== Material for this exercise ==

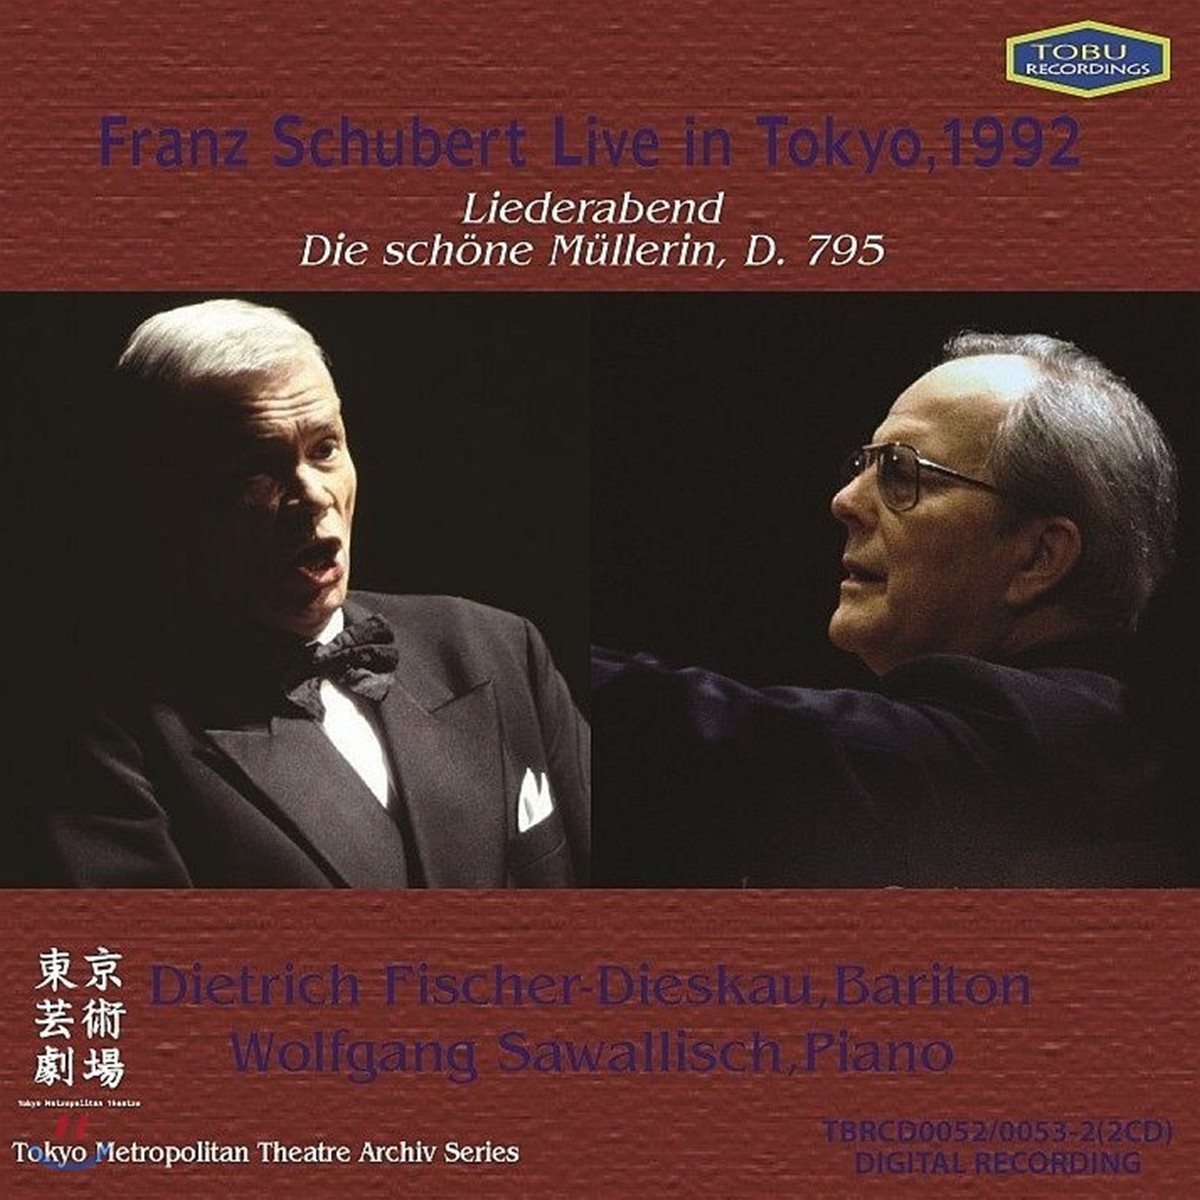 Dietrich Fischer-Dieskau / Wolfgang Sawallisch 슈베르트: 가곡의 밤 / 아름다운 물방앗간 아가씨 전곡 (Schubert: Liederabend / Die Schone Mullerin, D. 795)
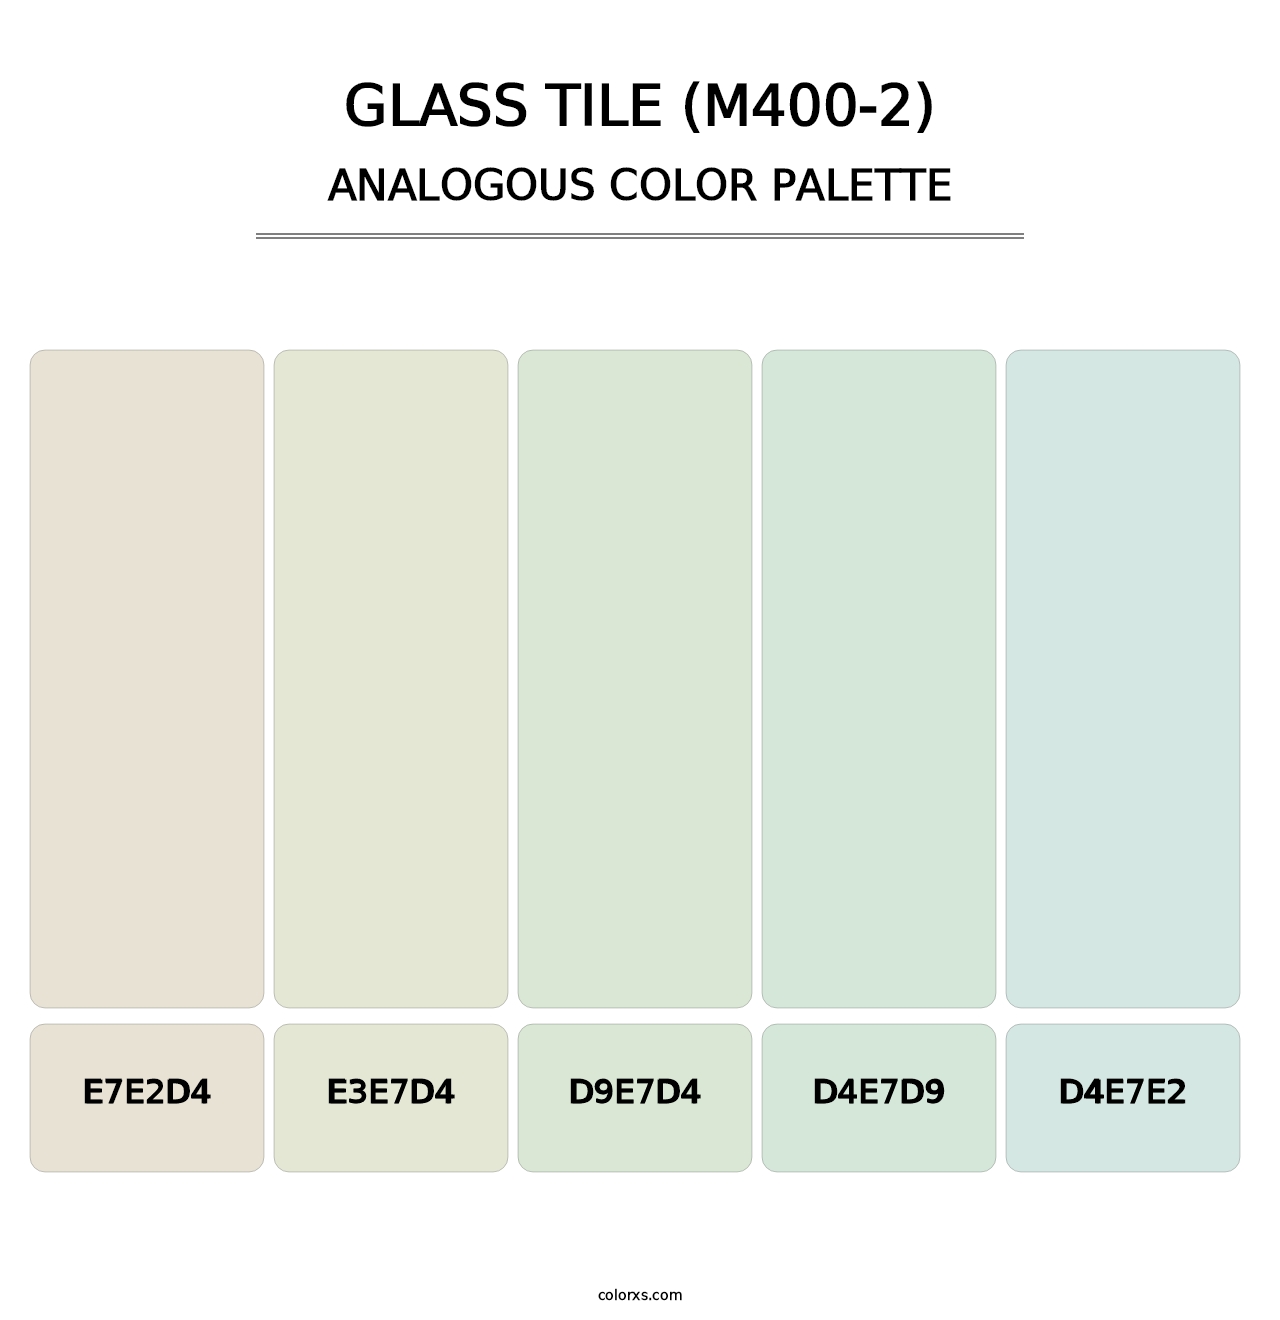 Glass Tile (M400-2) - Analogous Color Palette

===
== Material for this exercise ==

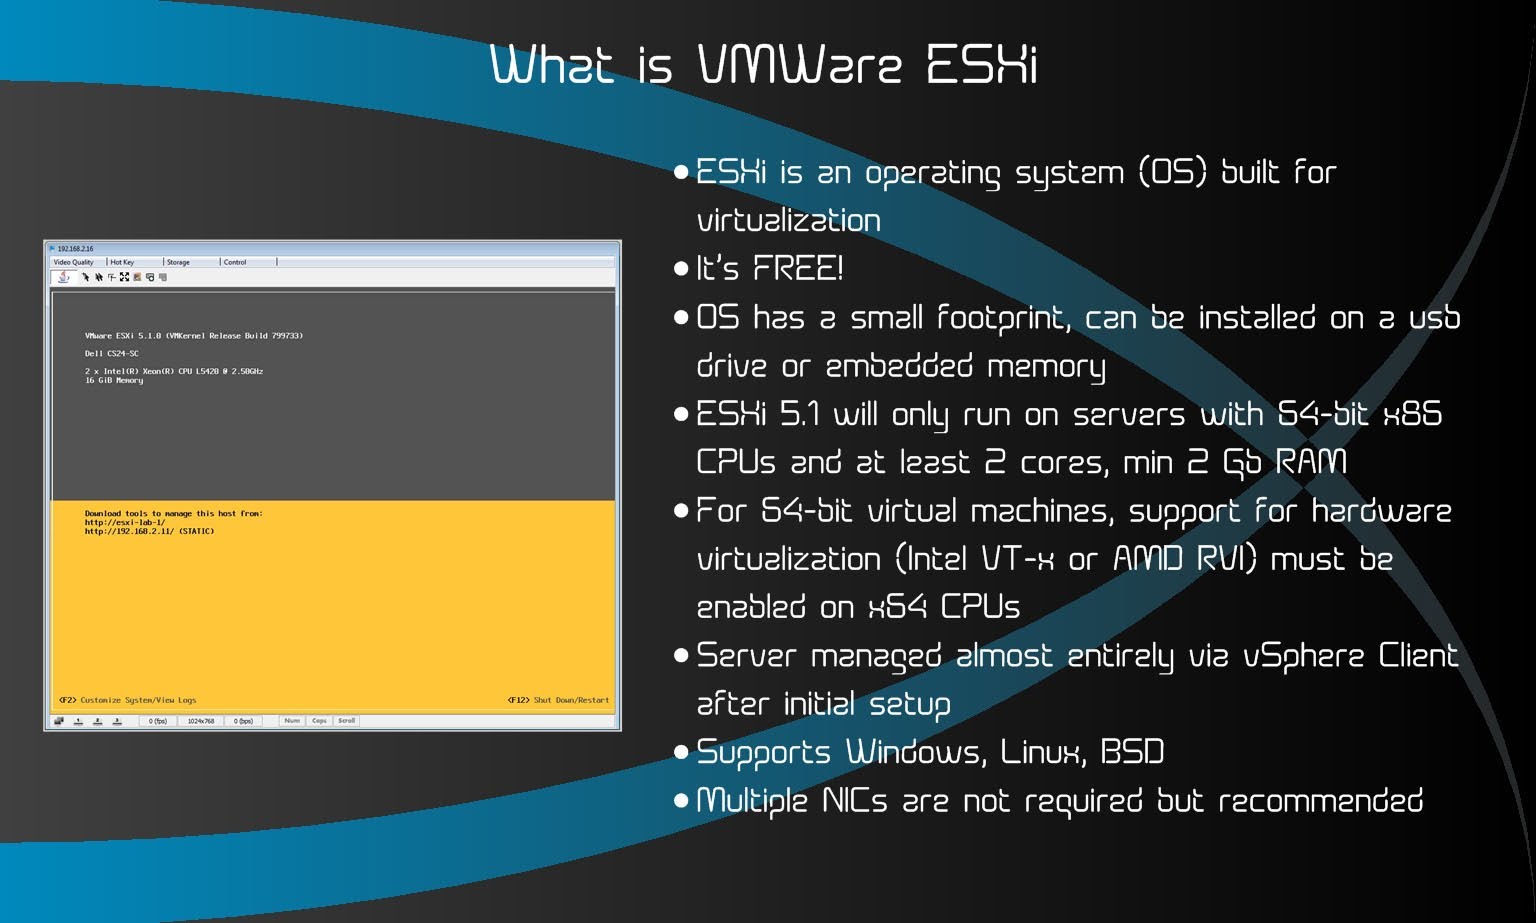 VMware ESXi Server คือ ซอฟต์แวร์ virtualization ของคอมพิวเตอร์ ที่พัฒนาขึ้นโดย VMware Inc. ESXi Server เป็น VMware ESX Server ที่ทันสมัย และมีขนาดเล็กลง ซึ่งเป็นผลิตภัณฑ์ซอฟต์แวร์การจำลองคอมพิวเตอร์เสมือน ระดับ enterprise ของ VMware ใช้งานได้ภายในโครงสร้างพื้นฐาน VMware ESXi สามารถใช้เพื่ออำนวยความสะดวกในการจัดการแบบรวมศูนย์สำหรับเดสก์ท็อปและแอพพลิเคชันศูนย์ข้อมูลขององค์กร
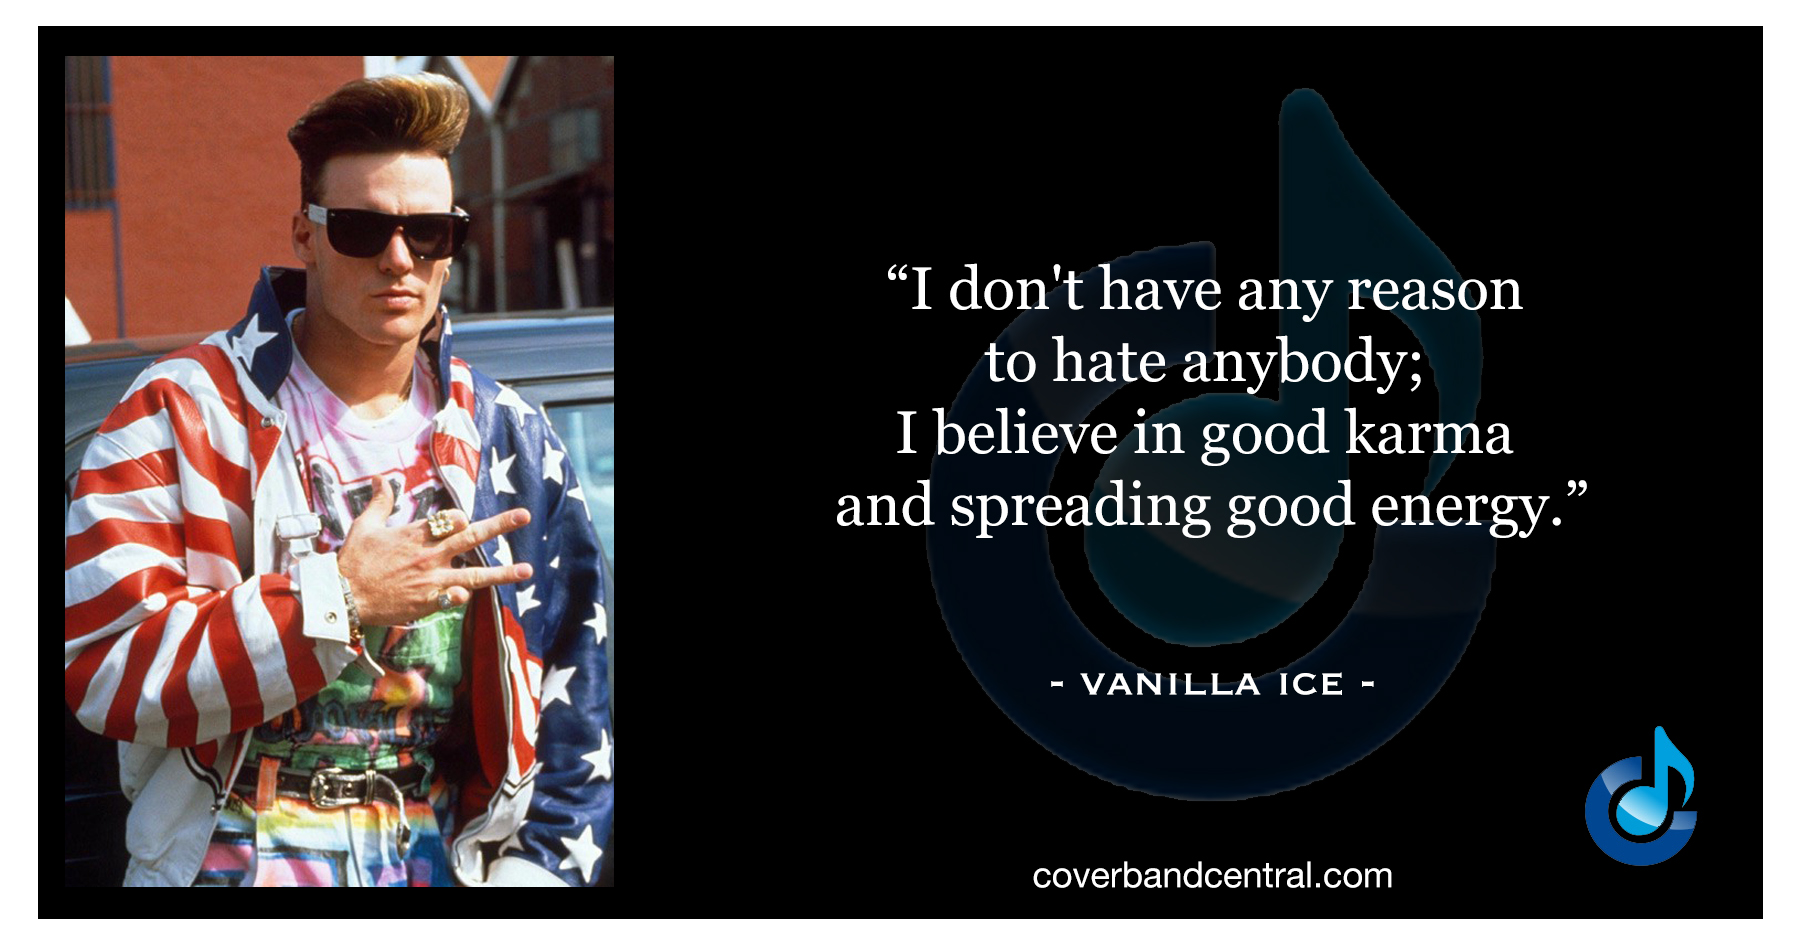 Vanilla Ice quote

===
== Material for this exercise ==

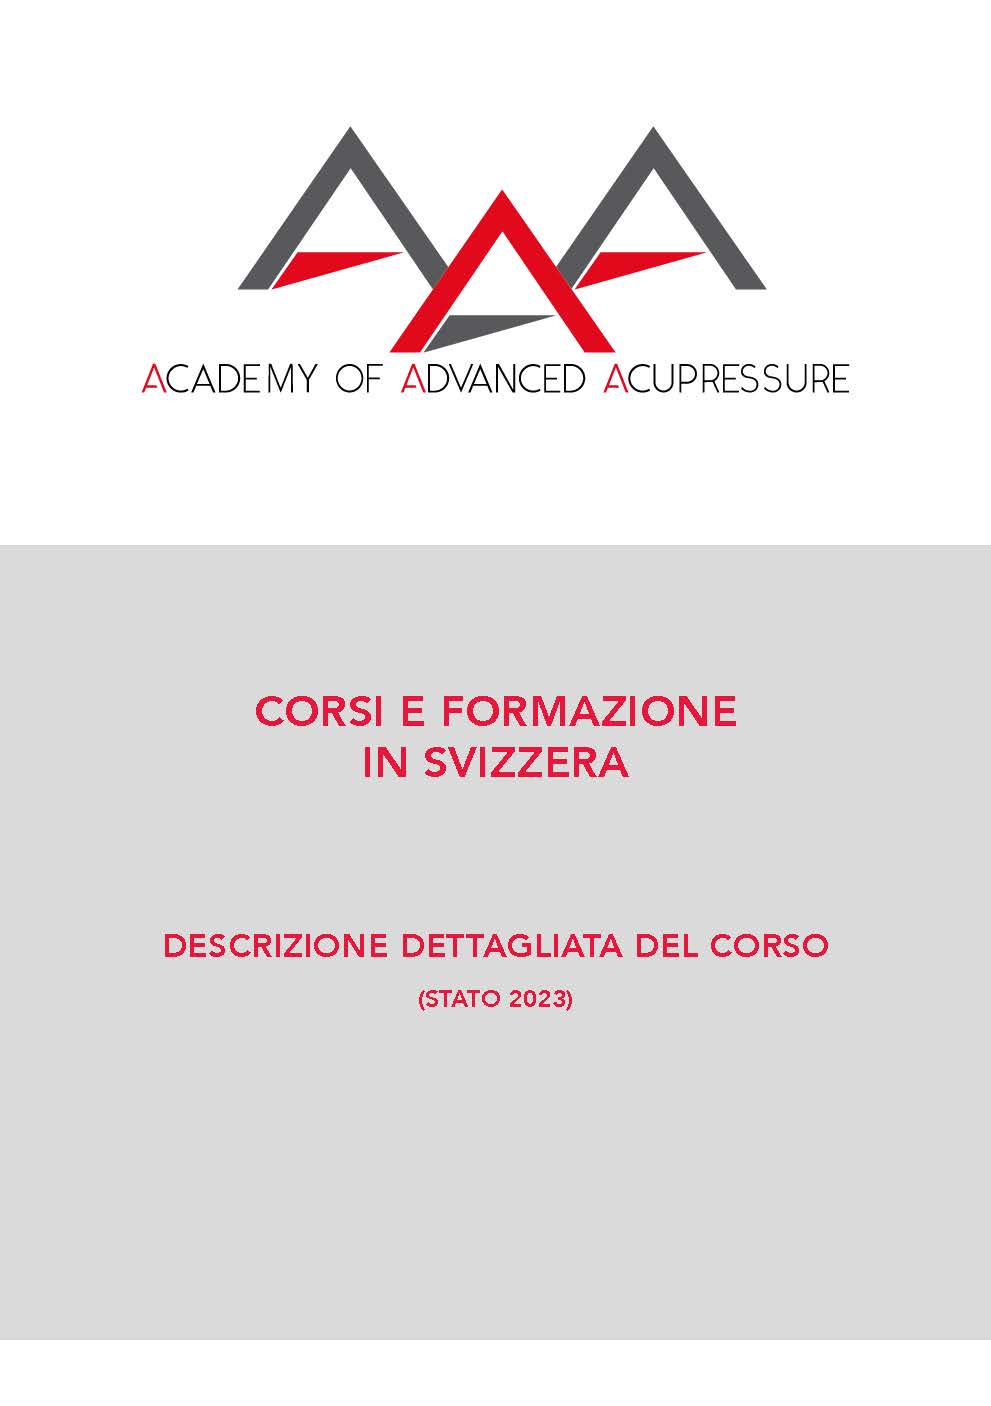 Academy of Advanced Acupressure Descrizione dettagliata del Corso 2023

===

Work instruction
Transcribe exactly the lines above, beginning at the one with "VMware ESXi Server" and going up to and including the one with "Vanilla Ice quote". Pictures do not belong in the copy.

Response below
 VMware ESXi Server คือ ซอฟต์แวร์ virtualization ของคอมพิวเตอร์ ที่พัฒนาขึ้นโดย VMware Inc. ESXi Server เป็น VMware ESX Server ที่ทันสมัย และมีขนาดเล็กลง ซึ่งเป็นผลิตภัณฑ์ซอฟต์แวร์การจำลองคอมพิวเตอร์เสมือน ระดับ enterprise ของ VMware ใช้งานได้ภายในโครงสร้างพื้นฐาน VMware ESXi สามารถใช้เพื่ออำนวยความสะดวกในการจัดการแบบรวมศูนย์สำหรับเดสก์ท็อปและแอพพลิเคชันศูนย์ข้อมูลขององค์กร
 Vanilla Ice quote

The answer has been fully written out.